Could you repeat the entries below exactly, but only from the line with "Interior design project" through the line with "linux debian", and without any picture?

- Records for the exercise
□ □ □ □ □

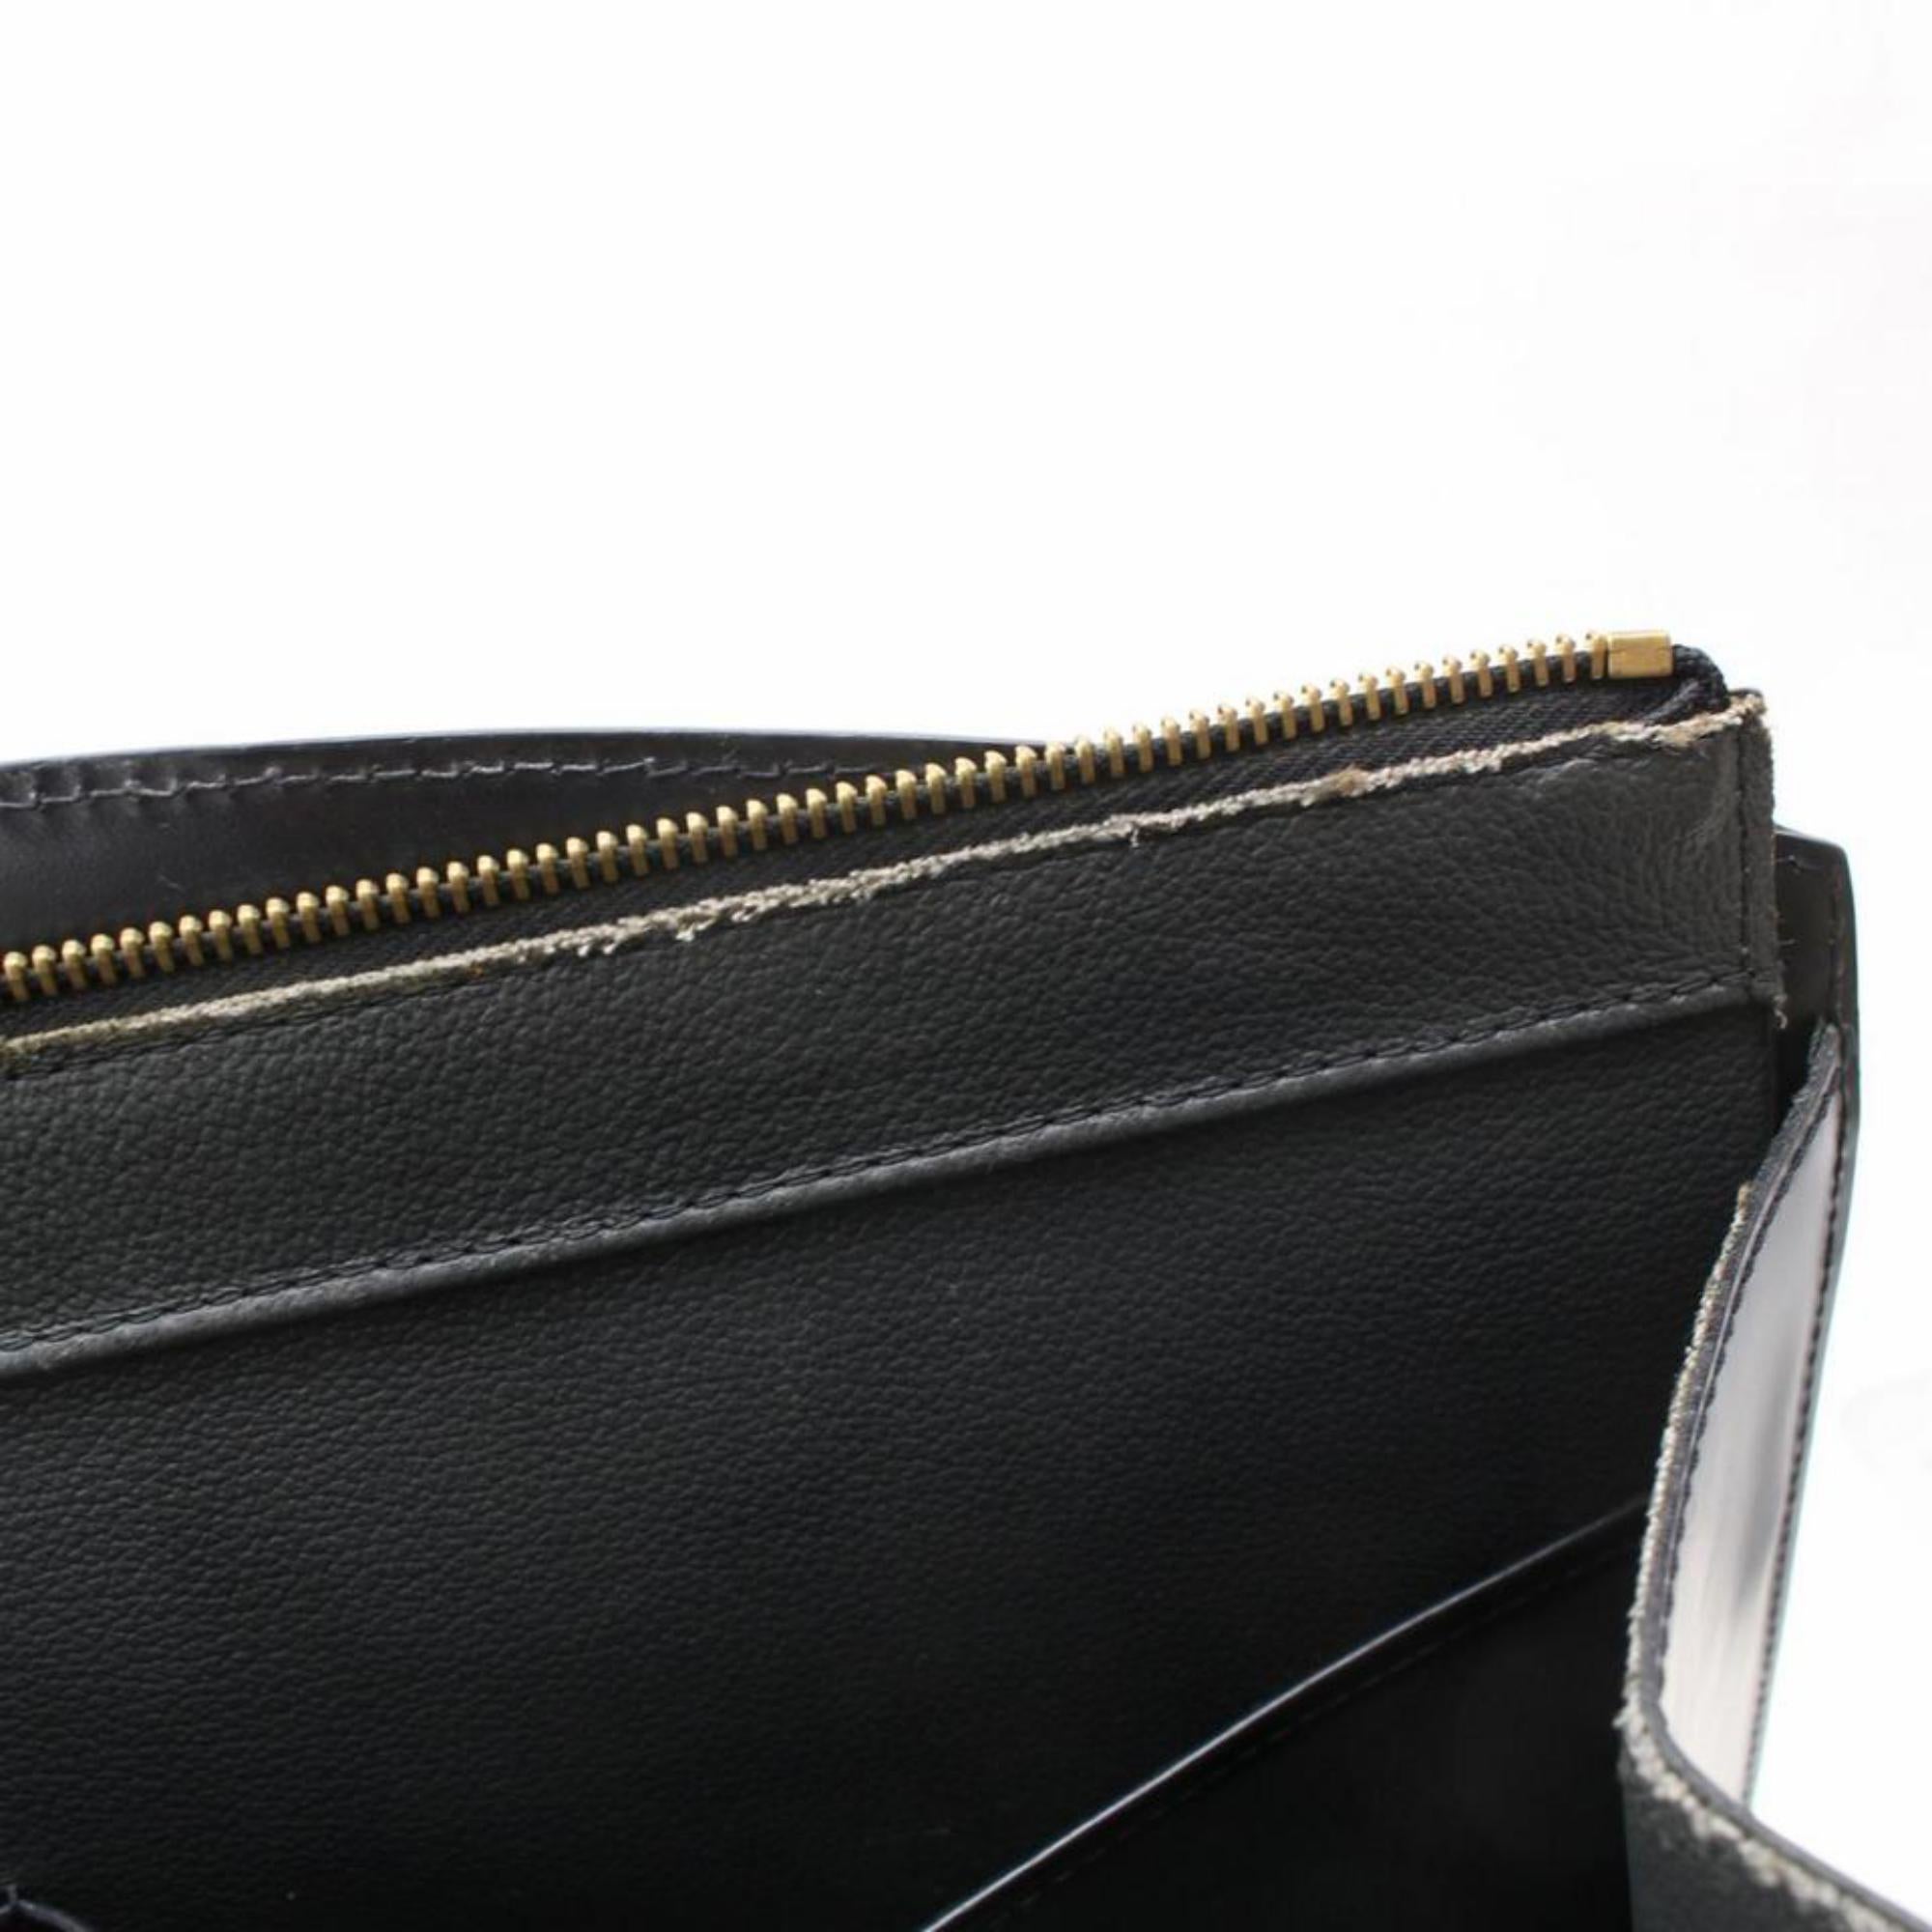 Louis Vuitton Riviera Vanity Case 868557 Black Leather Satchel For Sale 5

□ □ □ □ □

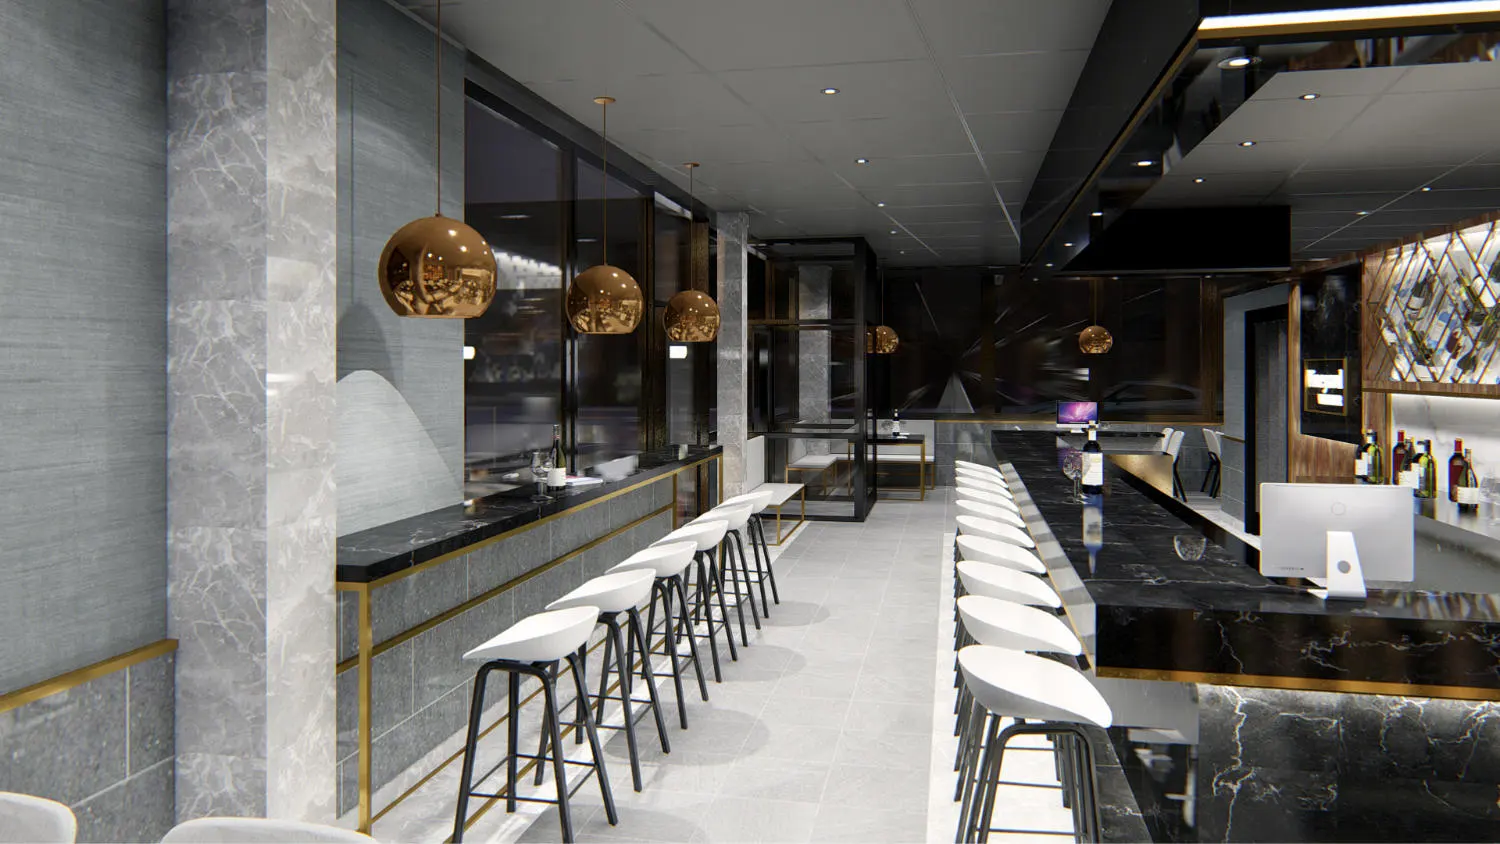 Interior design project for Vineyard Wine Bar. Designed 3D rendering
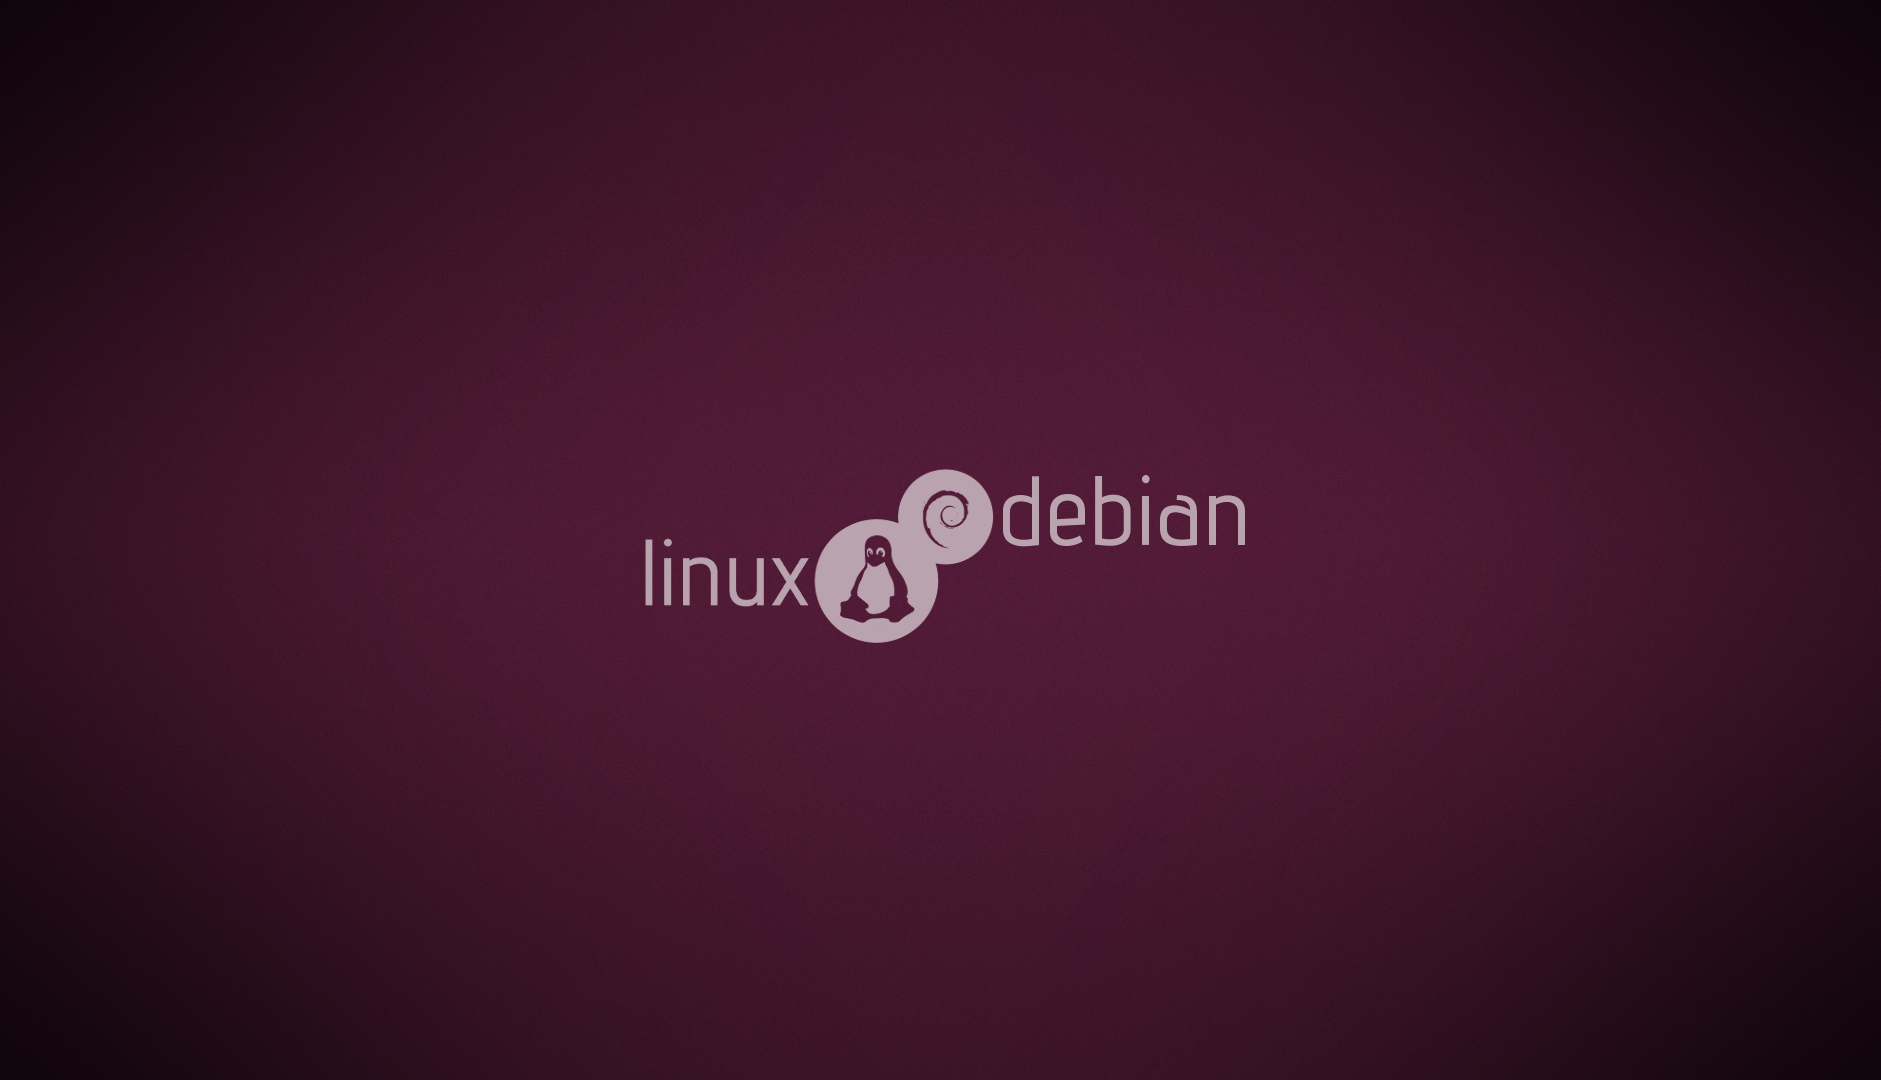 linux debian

□ □ □ □ □

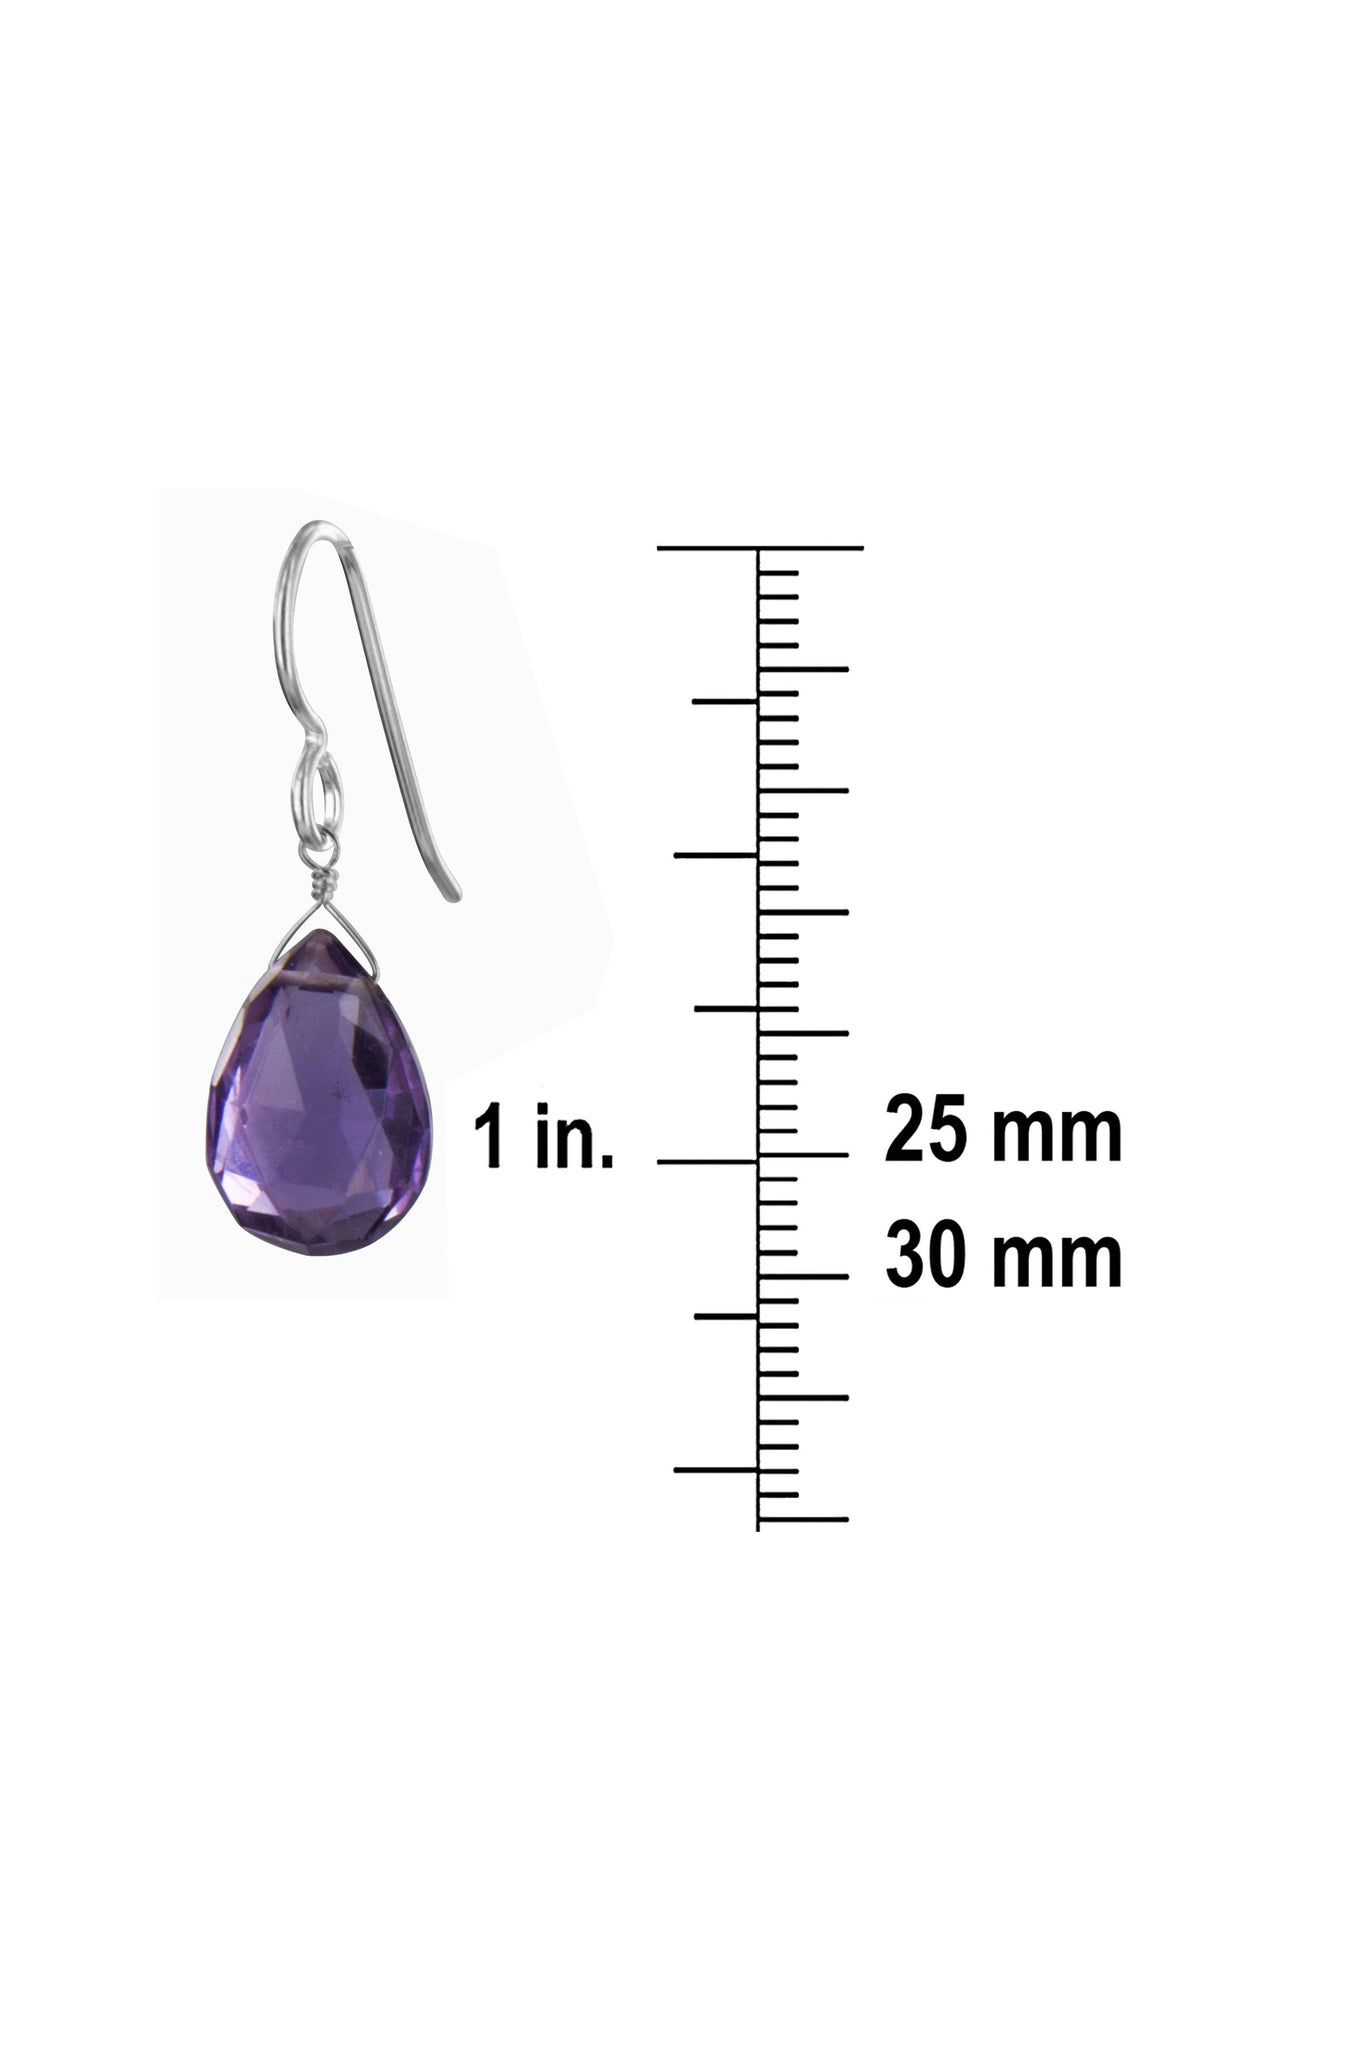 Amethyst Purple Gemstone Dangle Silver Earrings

□ □ □ □ □

- Problem solution
 Interior design project for Vineyard Wine Bar. Designed 3D rendering
 linux debian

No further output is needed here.